If anger, fear, compassion and love are the basic emotions, there are also secondary emotions or emotions that are cultivated from the basic emotions. For example, empathy is cultivated from compassion. There are also, it seems, more complex emotions that specifically have to do with our sense of self. The first of these is pride and shame. Dr. Robert C. Solomon provides trajectories between pride and shame, and their family of emotions which include guilt, embarrassment, regret and remorse.
As a self-referential emotion, pride has been understood as positive and negative down through the centuries. And it can cut both ways today as well. We have all experienced a person that is too prideful of their abilities or circumstances. They do not acknowledge the role of others, fate or the Creativity of God as contributors to their circumstances or abilities. We have also been with those who seem to lack pride and struggle to revere and appreciate themselves appropriately. Pride is an emotion that is informed by our social life and then engages our social life in response. So if we feel proud, it is likely that we will help others feel appropriately proud. If we feel inappropriately proud it is likely that we may not be able to focus on and celebrate others. The existence of pride reveals to us that the self is not just a private or individual reality – rather, pride is a social/communal reality. Branching out from pride are distinct emotions of guilt, embarrassment and remorse.
Solomon notes that the difference between shame and embarrassment is one of responsibility. Shame kicks in when we accept responsibility for doing something wrong. For example, when our children do not come appropriately dressed to a concert that we knew would require finer wear than play clothes, we feel ashamed. If however, we are invited a birthday party where everyone will be in costume and we do not get this information ahead of time, when we arrive to the party we are not ashamed but embarrassed because we cannot assume responsibility for knowing about the costumes.

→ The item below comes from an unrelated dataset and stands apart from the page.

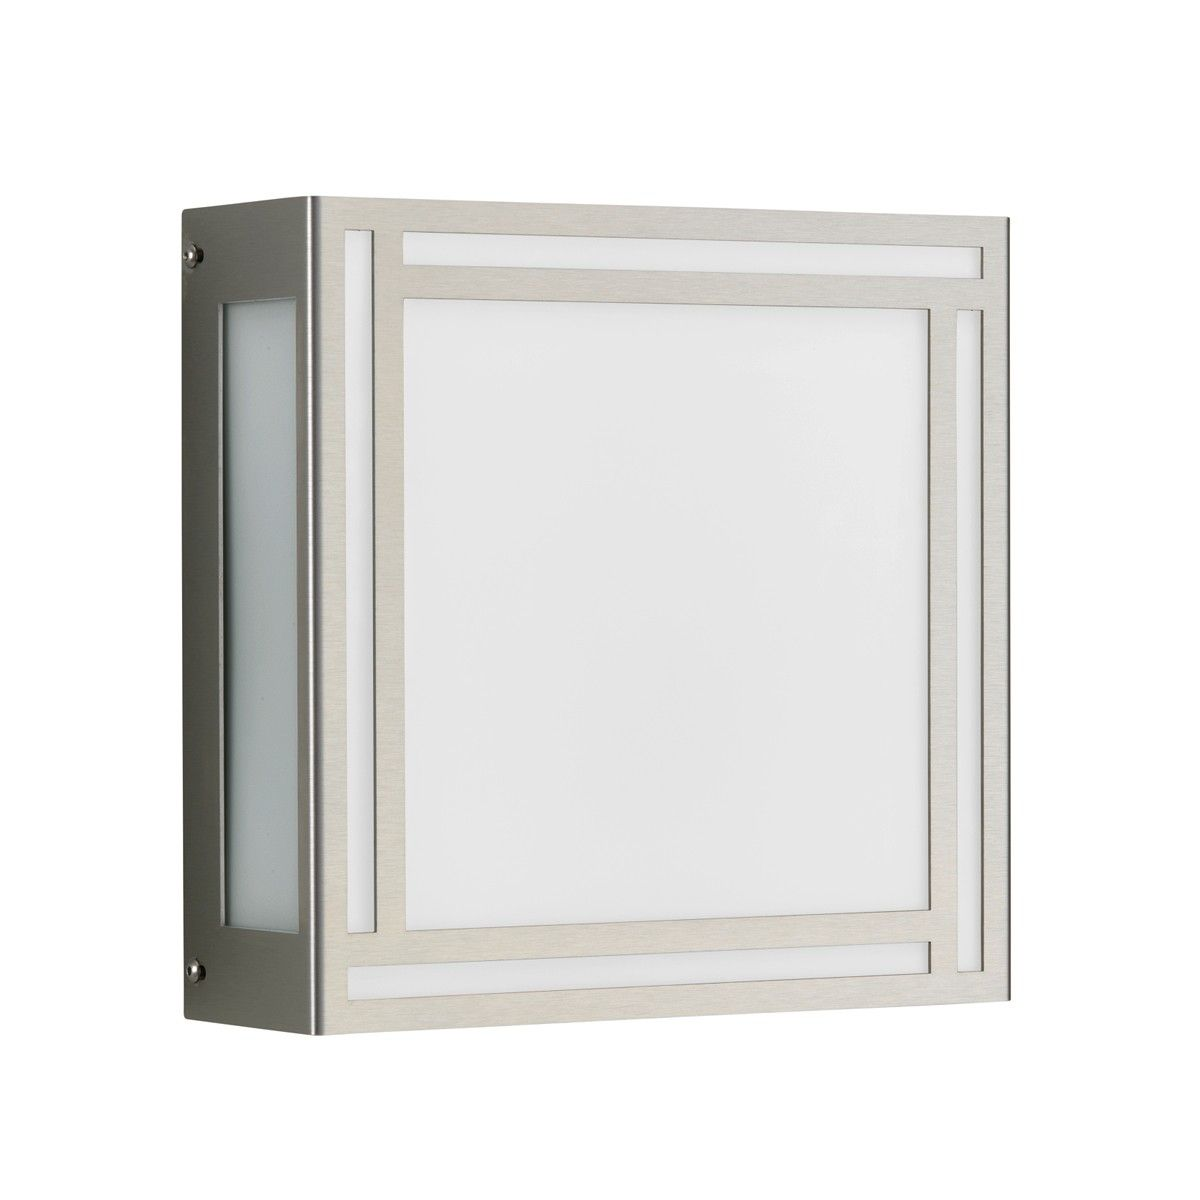 Deckenleuchte Led Flach Deckenleuchten Design Gold Badezimmer Beleuchtung Led Led Deckenleuchte K Led Deckenleuchte Kuche Deckenleuchten Wohnraumleuchten
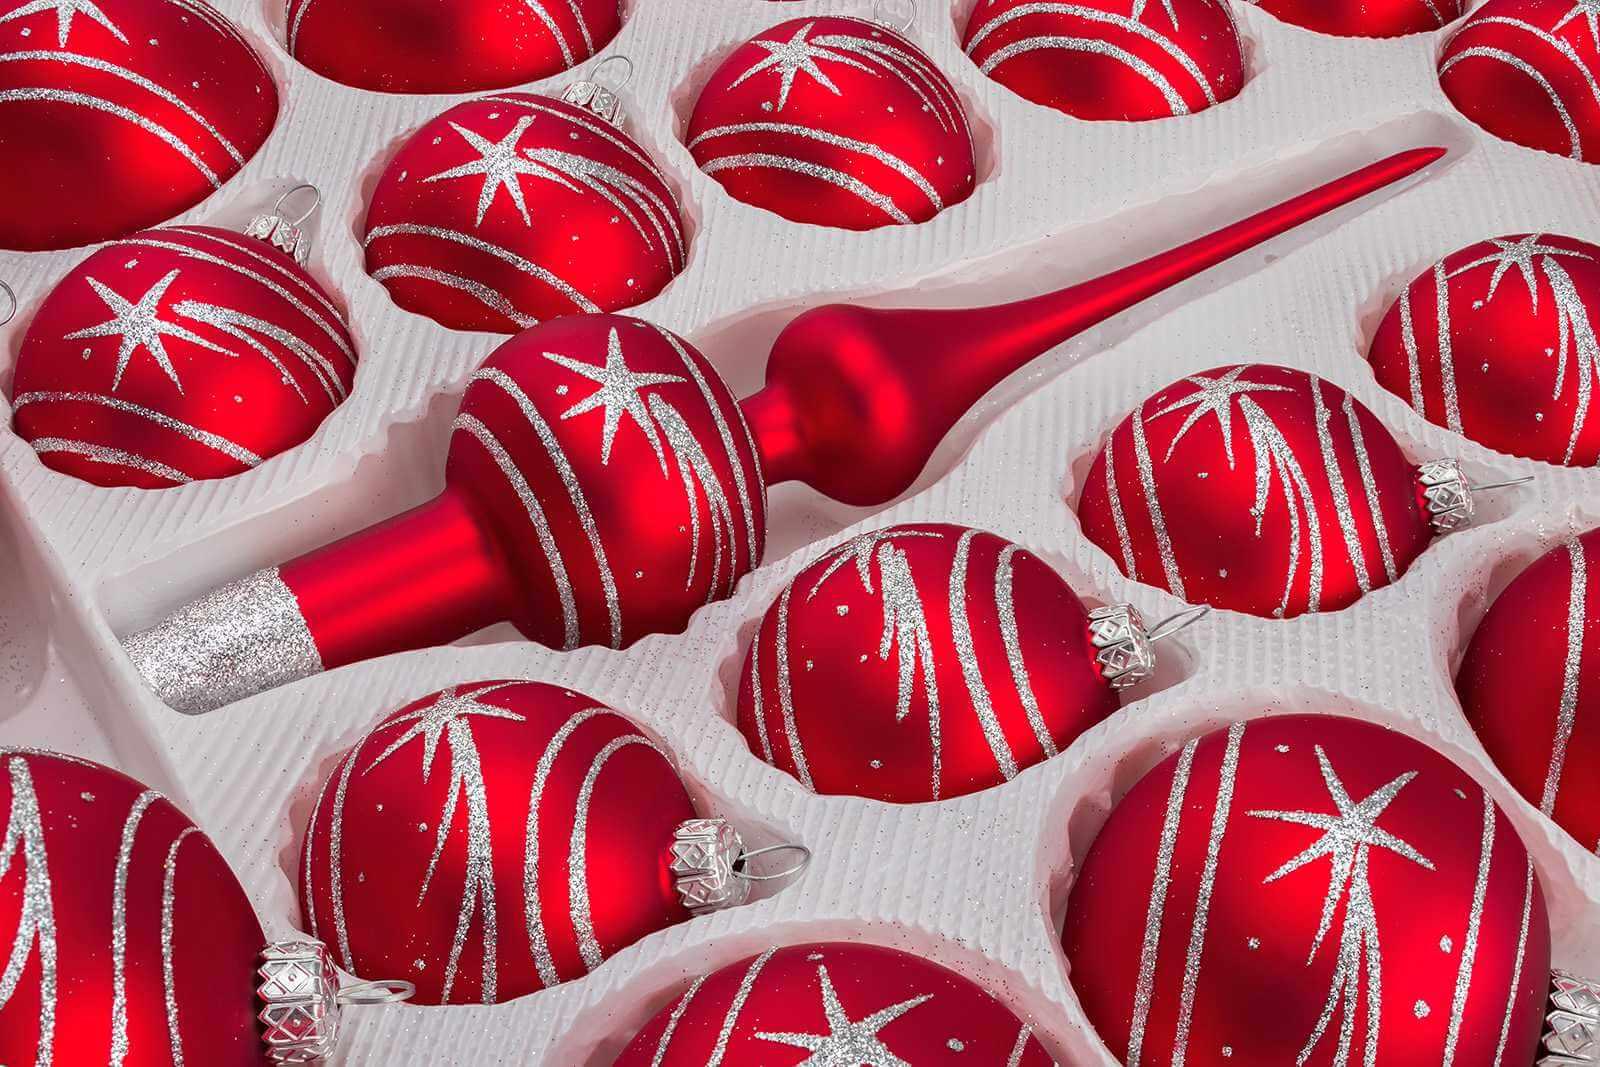 christbaumkugeln und mehr 39 tlg glas weihnachtskugeln set in classic rot silber komet. Black Bedroom Furniture Sets. Home Design Ideas

I found Solomon’s definitions of regret and remorse interesting so I will briefly list them here:
- Regret – is deeply individualist. We experience regret when we let ourselves down. For example, a seasoned runner decides not to challenge themselves by signing up for a marathon.
- Remorse on the other hand is more communal. We experience remorse when we refuse to acknowledge a person of lower socio-economic class than us in the grocery store. We have a sense that we have done the wrong thing and violated one of our values of how we act in community.
Self appraisal is the common thread in the shame/pride family of emotion. Solomon says that, “Guilt and shame turn on having done something wrong, whether violating the law or local custom.” (36) What distinguishes them is that guilt is something that we feel as individuals or as “individuals before God.” (36) Shame, on the other hand, is more communal . Not only have you let yourself down but you have let others down as well. Interestingly, Solomon notes that the Western world and Christianity in particular is more a guilt culture where as cultures that are more tribal are more shamed based. What do you think? Is he right?
I would suggest that guilt and shame are even more intimately linked than Solomon suggests. Shame is a private persecution for a public guilt. They co-exist within the connected individual. Although I do believe that both can be lessened by a deeper relationship with God.
Rachel – thanks for your comment. I think it is possible to feel shame and guilt simultaneously. For me, my own shame and guilt can be minimized or increased because of my sense of God and my desire to be in relationship with God. Ironically, when I experience increased shame or guilt because of my faith, I find that it is the way that I interact with the neighbor that makes all the difference. When, on the other hand, my faith in God allows me to manage my shame or guilt more agilely, the way I view my neighbor is filled with increased compassion.